Когда кончили обед и отпили кофе, доктору Муусу удалось поговорить немножко с фрекен Марианной наедине. Он завел речь о перемене, ожидающей его скромную особу, о его предстоящем переводе; это действительно его твердое намерение – покинуть Сегельфосс.

– Что сказать, люди встречаются и расходятся. Мы встретились, фрекен Марианна, а теперь…

– Cis, h, e, доктор! «Тихо и с задушевной мягкостью», вот так: cis, h, e.

Доктор посмотрел на нее сквозь свои огромные очки.

– Что это такое?

– Романс.

– А-а, мы опять деточка! – сказал он со смехом.– Или гидра выползла из своего ящика?

– Из своей спичечной коробочки. Доктор, не вздумайте мне рассказывать, что в последнее время вы не очень частый гость в пасторской усадьбе.

– Ах, вот как! – Он стал оправдываться, обеляться: что она хочет сказать? Пасторша порядочная женщина, у них общие симпатии, культура…– Да нет же, на что вы намекаете? Ведь дочери ее уже конфирмовались, младшая в прошлом году. С чем же это сообразно?

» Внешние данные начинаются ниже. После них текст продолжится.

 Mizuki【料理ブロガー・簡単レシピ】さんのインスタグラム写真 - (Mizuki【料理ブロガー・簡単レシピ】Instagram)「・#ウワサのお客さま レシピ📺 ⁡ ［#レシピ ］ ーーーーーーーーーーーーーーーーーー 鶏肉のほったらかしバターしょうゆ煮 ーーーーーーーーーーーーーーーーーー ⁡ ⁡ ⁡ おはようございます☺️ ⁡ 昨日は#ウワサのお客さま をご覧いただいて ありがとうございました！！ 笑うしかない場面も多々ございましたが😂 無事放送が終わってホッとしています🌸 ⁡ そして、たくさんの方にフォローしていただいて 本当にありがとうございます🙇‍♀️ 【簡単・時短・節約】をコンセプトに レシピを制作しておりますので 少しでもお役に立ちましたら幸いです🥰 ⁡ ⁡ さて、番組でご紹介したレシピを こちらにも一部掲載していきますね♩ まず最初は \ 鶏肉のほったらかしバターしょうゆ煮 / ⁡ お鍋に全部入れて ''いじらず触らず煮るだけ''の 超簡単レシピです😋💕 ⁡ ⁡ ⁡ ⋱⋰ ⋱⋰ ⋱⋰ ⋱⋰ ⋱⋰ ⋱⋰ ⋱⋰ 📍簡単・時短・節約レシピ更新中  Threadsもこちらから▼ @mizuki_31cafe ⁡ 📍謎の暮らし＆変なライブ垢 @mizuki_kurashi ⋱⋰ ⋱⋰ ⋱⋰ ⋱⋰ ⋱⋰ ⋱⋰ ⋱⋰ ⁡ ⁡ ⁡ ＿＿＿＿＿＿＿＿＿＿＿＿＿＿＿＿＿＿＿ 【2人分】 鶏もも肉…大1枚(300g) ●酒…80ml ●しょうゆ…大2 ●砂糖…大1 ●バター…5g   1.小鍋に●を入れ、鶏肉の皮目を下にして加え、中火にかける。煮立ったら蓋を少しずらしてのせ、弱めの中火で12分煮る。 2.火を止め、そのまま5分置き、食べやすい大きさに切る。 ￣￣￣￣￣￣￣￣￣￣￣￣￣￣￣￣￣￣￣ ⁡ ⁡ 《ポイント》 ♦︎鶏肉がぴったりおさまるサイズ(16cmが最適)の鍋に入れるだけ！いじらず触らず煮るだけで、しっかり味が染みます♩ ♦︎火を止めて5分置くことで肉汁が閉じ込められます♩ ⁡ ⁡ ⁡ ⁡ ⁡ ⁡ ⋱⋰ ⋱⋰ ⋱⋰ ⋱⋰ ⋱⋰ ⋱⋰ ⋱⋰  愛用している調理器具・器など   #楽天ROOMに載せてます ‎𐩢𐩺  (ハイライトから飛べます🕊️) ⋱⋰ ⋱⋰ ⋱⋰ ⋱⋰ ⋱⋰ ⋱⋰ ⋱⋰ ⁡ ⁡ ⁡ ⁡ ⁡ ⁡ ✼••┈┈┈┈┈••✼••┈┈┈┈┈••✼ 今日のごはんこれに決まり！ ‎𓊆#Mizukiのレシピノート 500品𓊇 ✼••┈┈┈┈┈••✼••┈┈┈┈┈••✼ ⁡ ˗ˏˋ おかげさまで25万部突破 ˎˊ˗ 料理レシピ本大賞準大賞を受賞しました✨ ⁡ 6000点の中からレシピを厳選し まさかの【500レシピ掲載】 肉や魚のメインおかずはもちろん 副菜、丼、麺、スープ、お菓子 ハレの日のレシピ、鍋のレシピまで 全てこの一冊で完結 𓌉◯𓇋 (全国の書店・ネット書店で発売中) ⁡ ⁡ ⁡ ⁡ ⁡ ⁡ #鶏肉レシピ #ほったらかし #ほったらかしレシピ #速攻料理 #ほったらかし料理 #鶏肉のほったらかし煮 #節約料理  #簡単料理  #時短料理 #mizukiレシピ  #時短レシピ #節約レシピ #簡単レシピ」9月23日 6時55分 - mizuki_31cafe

– Ах, не в этом дело, не в конфирмации! А они обе большие и хорошенькие.

– Этого я не отрицаю, – сказал доктор.– И, разумеется, в семье ко мне относятся благожелательно, и я бывал там несколько раз. Обе барышни, мать живут своею собственной жизнью, пастор ведь немного с ними бывает, он занят своей мастерской. Так что вы поймете, что общение с образованным человеком им приятно. Но от этого до чего-либо большего – дистанция большая.

– Вы ее пробежите, доктор, – сказала Марианна. Тогда доктор поклонился и сказал:

– Это звучит так, как будто вы мне это советуете. Значит, вам самой нисколько не интересно, будет ли это продолжаться.

– Cis, h, e…

– Нет! – доктор опять поклонился и отошел от деточки.

Господин Хольменгро проводил своих гостей до самой дороги, простился с ними и сказал, что пройдет на мельницу.

– Вы позволите мне пойти с вами? – спросил Виллац. Ожидал ли господин Хольменгро этого предложения, а может быть даже нарочно так подстроил? Он был достаточно хитер для этого. Его влюбленность в молодого человека, радость по поводу его возвращения, общения с ним имели свои разумные причины: молодой Виллац напоминал ему о времени, когда он приехал в Сегельфосс сказочным королем и был своим человеком в доме лейтенанта, жил и строился у него. Вот это были времена! Теперь времена переменились, король был низложен. Может быть, один из Хольмсенов снова войдет в его жизнь и поддержит его.

Мужчины медленно шли в гору по дороге, было около полудня, жарко, навстречу им попадалась рабочие с мельницы, которые имели обыкновение именно в эту пору дня удирать с работы. Уж не рассчитал ли помещик это обстоятельство и не хотел ли он поставить Виллаца лицом к лицу с безобразием?

Но молодой Виллац, по-видимому, пока еще ничего не замечал.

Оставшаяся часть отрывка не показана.